Aoife Finneran: Now that Dallas is back can we please turn off the time machine?
LADIES, dust off your shoulder pads and guys, find yourselves a stetson because we're all off to Dallas. More specifically, we're all off to the 1980s again because the most famous US TV show of that era is returning to our screens again.
You might have spent the past 20 years wondering who shot JR but it doesn't matter any more because the actor Larry Hagman is back to take part in a pilot that will feature the next generation of the Ewing family.
It's bizarrely appropriate, don't you think?
After all, everything else in this paralysed country of ours has returned to 1980s levels, especially our economy.
In the past year we've seen a dramatic drop in living standards.
Out of necessity, we've reverted to the 1980s way of doing things: cooking at home instead of forking out hard-earned cash in fancy restaurants; mending our torn or ripped clothes instead of replacing them with new gear and observing terrifyingly long dole queues full of despairing faces.
Don't be fooled by the fact that they axed The Den. The figures on the calendar might say 2011 but we're well and truly stuck in the grey, staid bleakness of the 1980s.

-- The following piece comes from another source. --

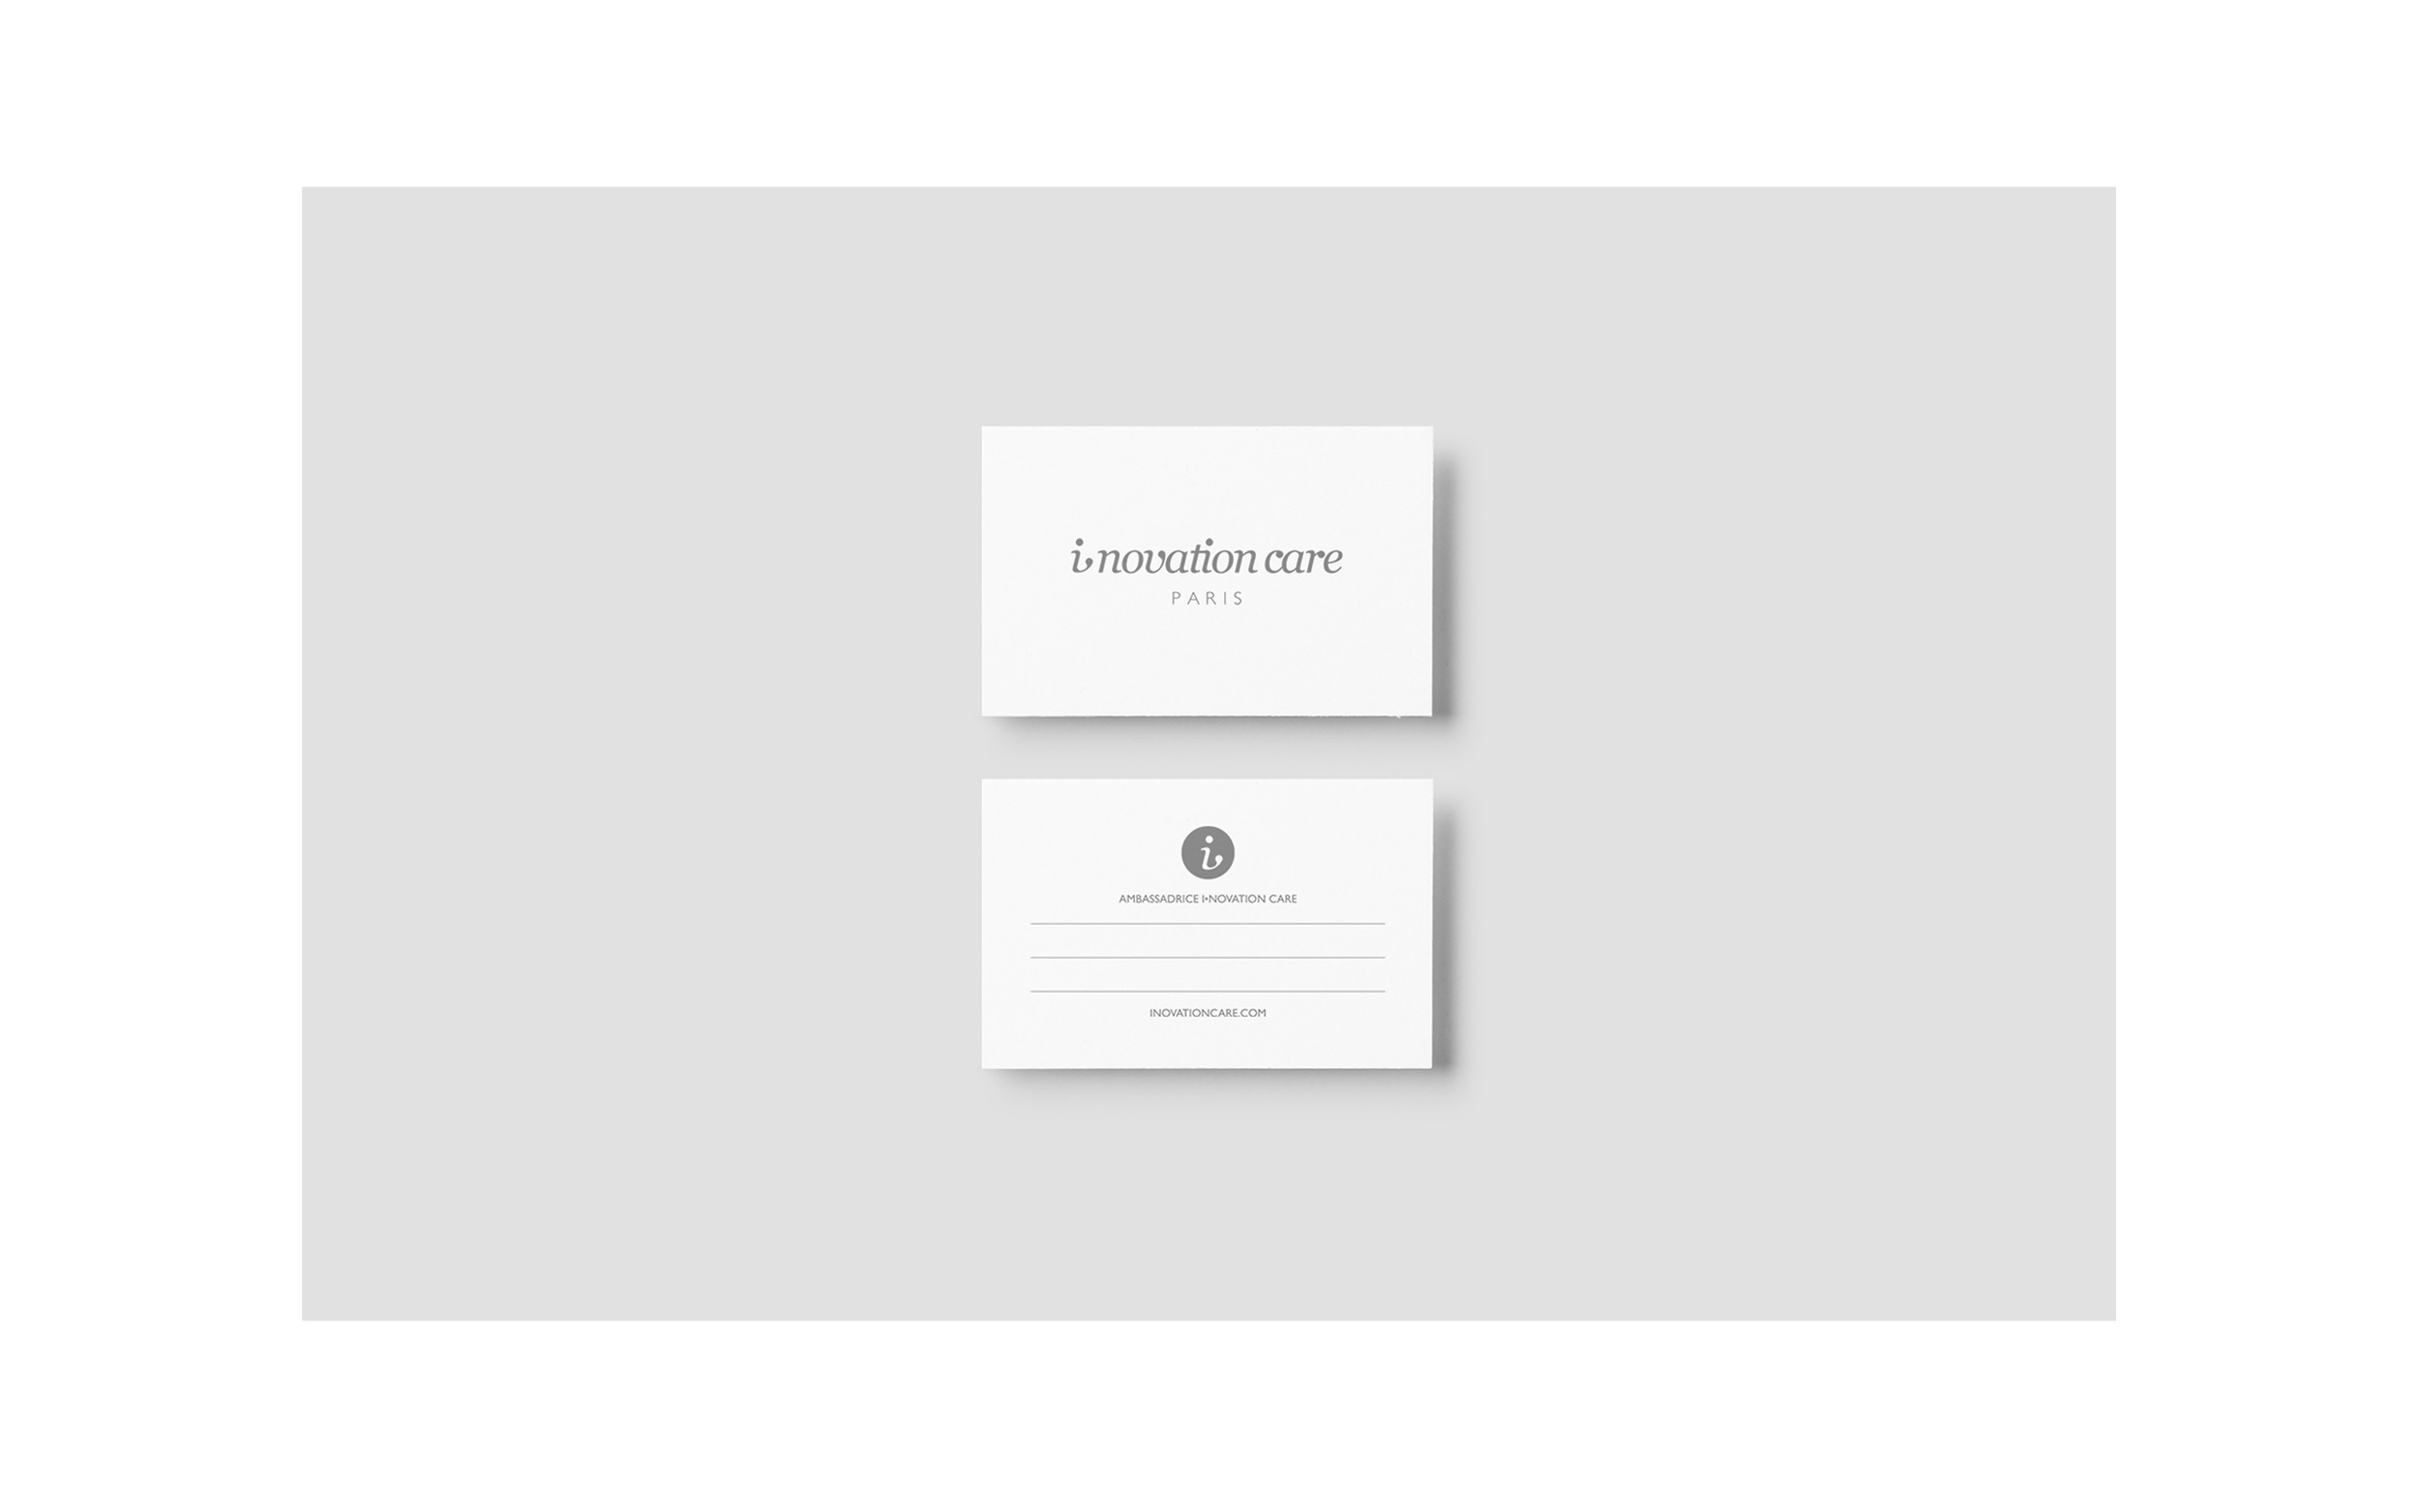 inovationcare-design-childer-06.jpg

I probably should have sensed trouble when The Commitments announced their reunion. But now that Dallas has returned, the whole sorry saga has come full circle.
It seems the brains behind this hit TV show have decided that if we're all stuck in 1980s-esque recession we might as well suffer through 1980s "entertainment".
And if you've been sleeping soundly in recent months, perhaps now would be a good time to prepare for a bout of insomnia.
Because if there's one thing guaranteed to halt your sleep and induce nightmares, it's the spectacle of the terrifying Sue-Ellen aggressively stroking her whiskey glass.
To a generation of kids in the 1980s, that woman and her freakishly large shoulder pads was far scarier than any gremlins or ghosts. And now she's back, along with the gentle Bobby. But this time, they'll be the minor plays in a show that will focus on their children as they battle for control of the family empire.
Well at least nothing has changed there then, because us mere mortals will still watch the TV screen in a fog of jealous rage that we're not rich enough to live on a ranch like Southfork.
Let's face it, the 1980s gloom is here to stay. We might have thought we'd progress dramatically in 20 years and that looking at Dallas in 2011 would be like viewing carbon copies of our rich, successful selves, albeit with fewer cowboy accoutrements.
Little did we know we'd enjoy the high life and the boom times and come crashing back to earth by the time Dallas rolled around again.
Sure the vintage soap has a new hottie in the shape of Jordana Brewster, but thanks to the return of that smarmy JR, our misery, carefully cultivated over the past few painful years, is finally complete.
Can we turn the time machine off now?